Her hands were healed.
She turned them over frantically. Nothing marred the skin surface, not even a hangnail; no cuts, no blood, no pus. Neither looked as though she'd ever taken a fall or been ravaged by an out-of-control infection, or even done work, for God's sake. She swallowed and turned back to Jo. There would be time to marvel later; right now Jo needed her help. This time she didn't hesitate to brush aside the mass of hair. "Jo?" Louise touched one thin shoulder. "Can you hear me?" The blonde girl moaned and moved slightly, trying to pull herself into a tighter ball, her arms wedged between her knees and her chest.
"Come on," Louise said. She slid her arms between Jo and the floor and flinched at the girl's body temperature. "You're freezing. Let's get you off the floor." She felt strong and healthy and it was no effort to lift Jo to the blanketed pew while Beau twisted underfoot; the teen's head lolled against her shoulder then disappeared beneath the tangled hair as Louise eased her along the length of the blankets. When one of Jo's arms slid to rest palm-up on the floor, Louise gave a small yelp. The hand—and its mate—were split and battered and obviously filled with a virulent infection.
Black dots of shock twinkled around Louise's vision but she resisted; there was no time to freak out. Instead she rapidly tore clean strips from the bottom of Jo's dress to use as bandages, telling herself that a lot of things were different now, and if people who had been drained of blood and died could rise and do the same to others, who was to say that a strange, angelic teenager couldn't have the power to heal? If she wanted reality there was always Beau, crying plaintively and gazing blindly off into space. She washed Jo's hands carefully, wincing each time the younger girl groaned and shuddered, then carefully wrapped each one as Jo had done for her, chewing her lip helplessly when she saw that foul yellow fluid and sticky blood already spotted the wrappings.
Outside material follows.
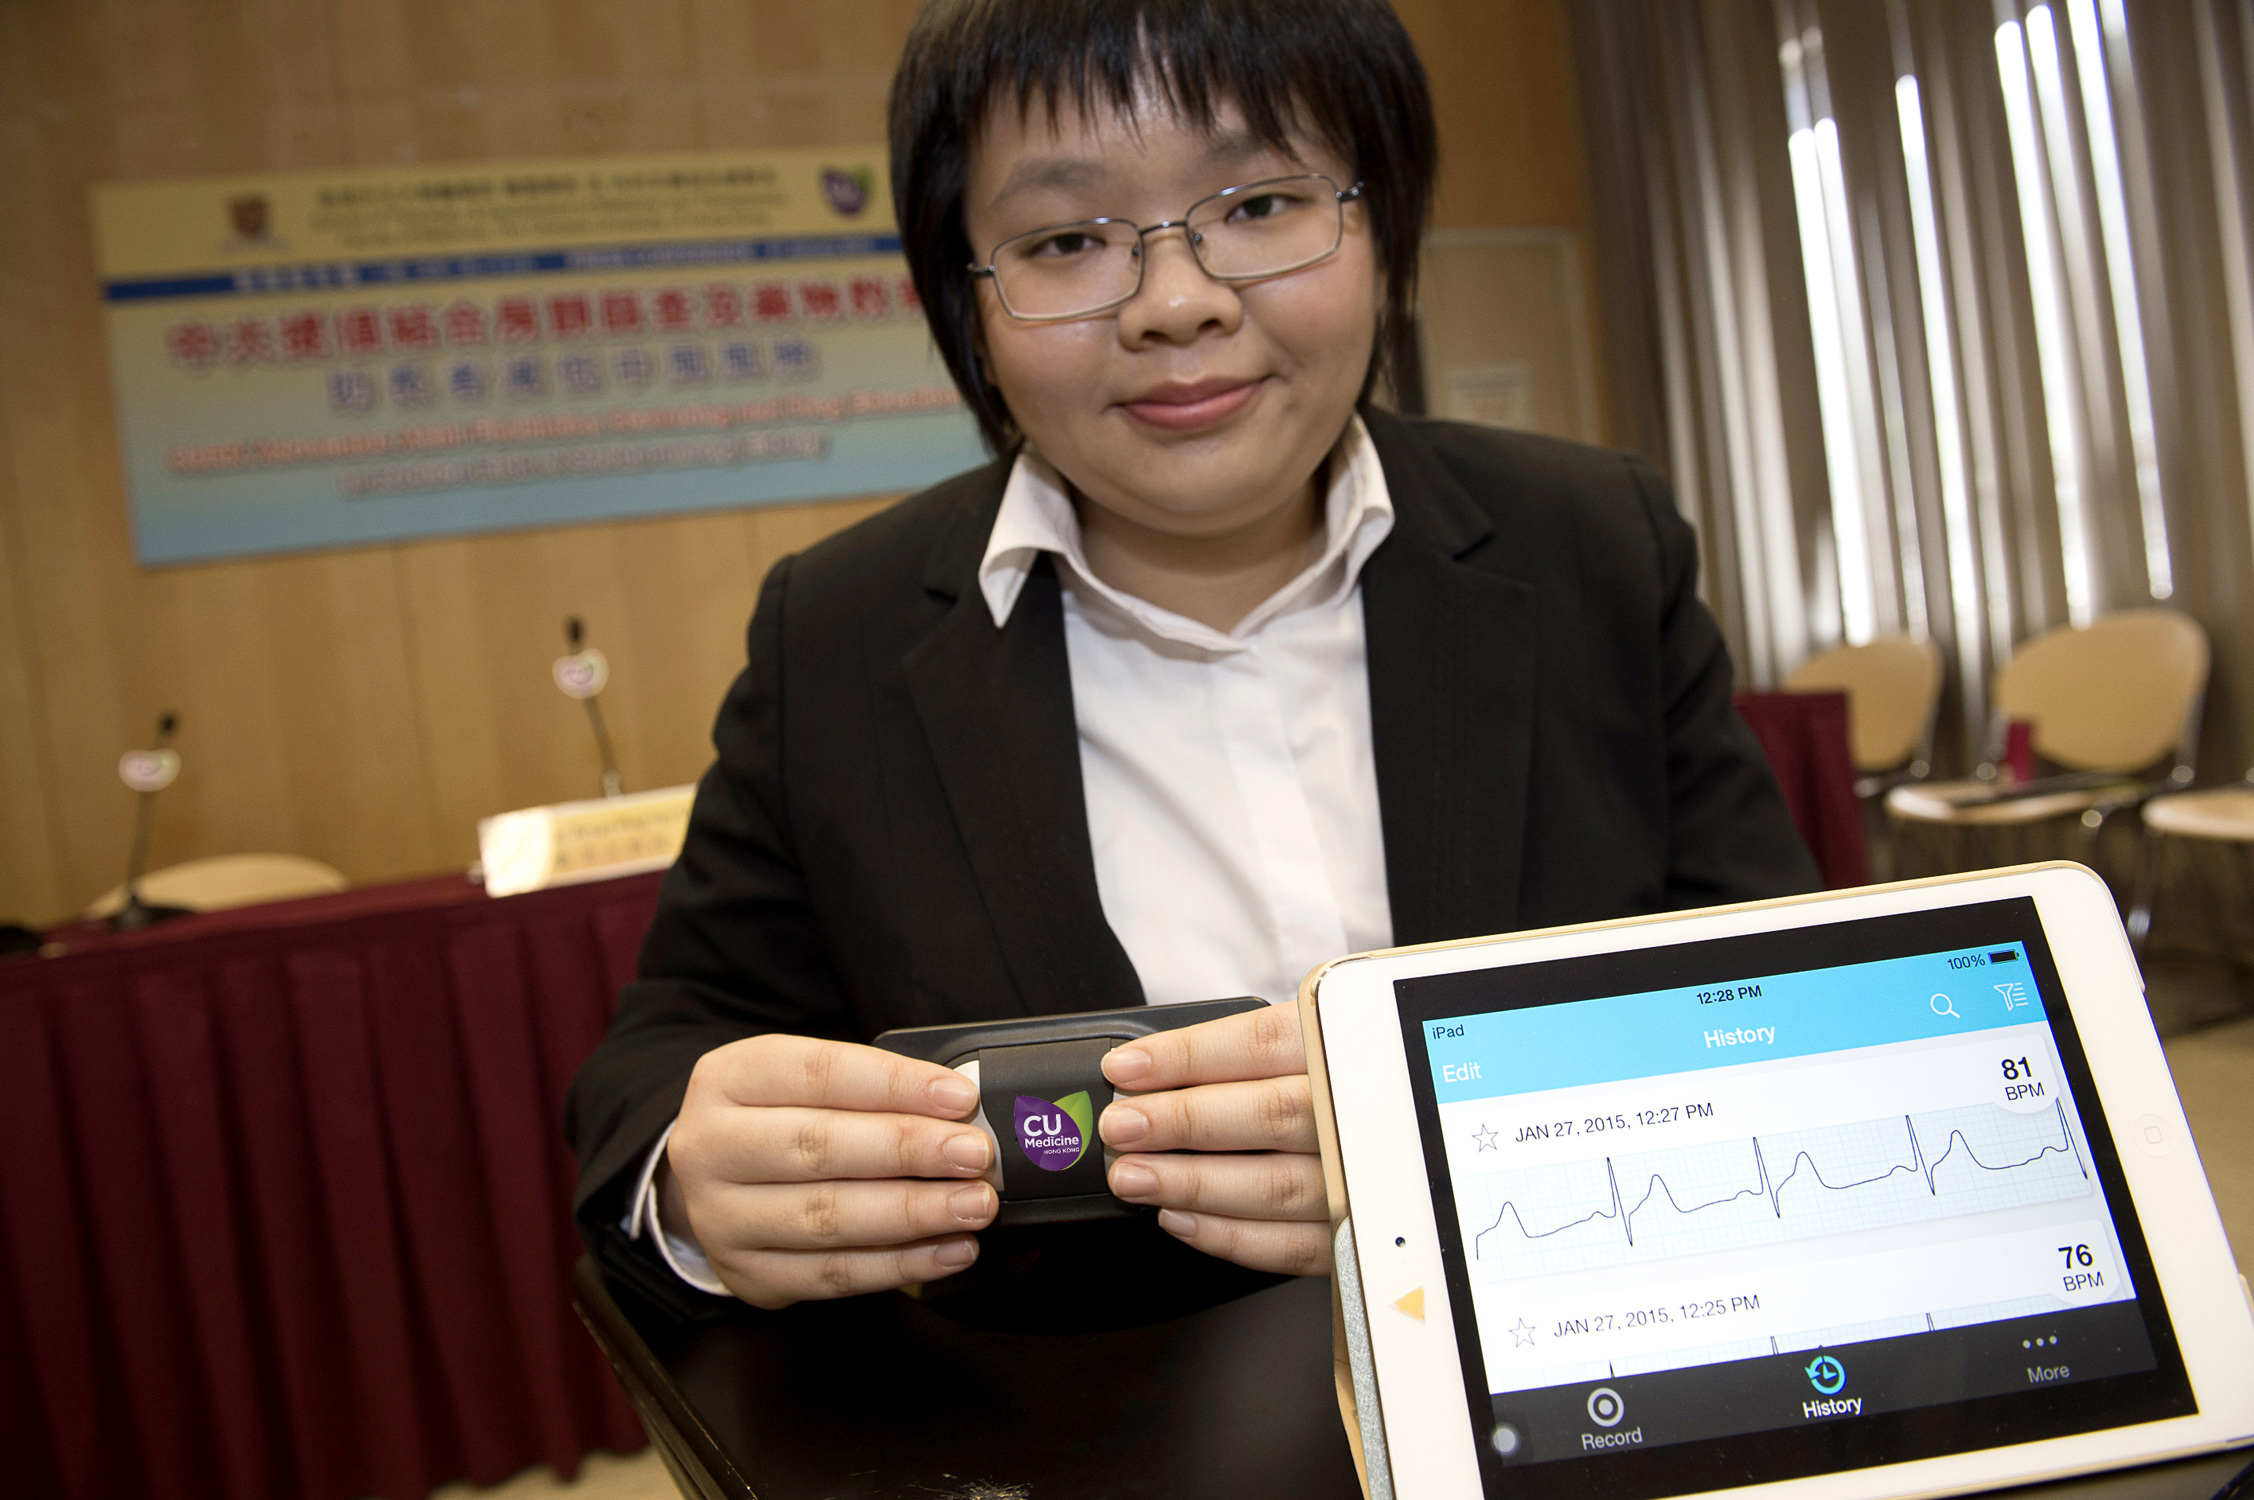 学生义工示范使用手提心电图检测器进行房颤检查。

The stains and mess on the front of her companion's dress would have to wait, and Louise finally covered Jo with two more blankets, then wrapped another around herself and sat next to her, easing Jo's head onto her lap to keep it off the cold wood. Jo's breathing smoothed, and as Louise felt her own head drooping she realized she was still recovering from the last remnants of her own infection. After a time, she slept.
~ * ~
The first thing Louise saw when she opened her eyes was her own breath fogging in front of her face, an amazing thing because she was so warm. The oppressive weight across her shoulders turned out to be too many blankets and she felt movement across her thighs; her hands felt beneath the blankets and found Beau curled on her lap. She disengaged herself and left Beau snoozing amidst the covers as she searched the dim church anxiously, but Jo was nowhere to be found. Back where she started, Louise noticed a small pile on the floor next to the altar; she poked at it curiously and discovered the dress Jo had been wearing and a smaller jumble, the remains of the ragged strips that had covered Jo's mutilated hands. At last Louise spread everything on the floor and settled down Indian-fashion to stare at it in wonder.
The petite dress, the hem torn into uneven fragments, and the equally ragged bandages were a pristine, nearly painful white.
Louise flexed her wrists and fingers, felt the play of muscles and tendons and the warmth of unimpaired circulation as she wondered idly what had happened to the bloodstains on the material.
At length, she supposed it really didn't matter.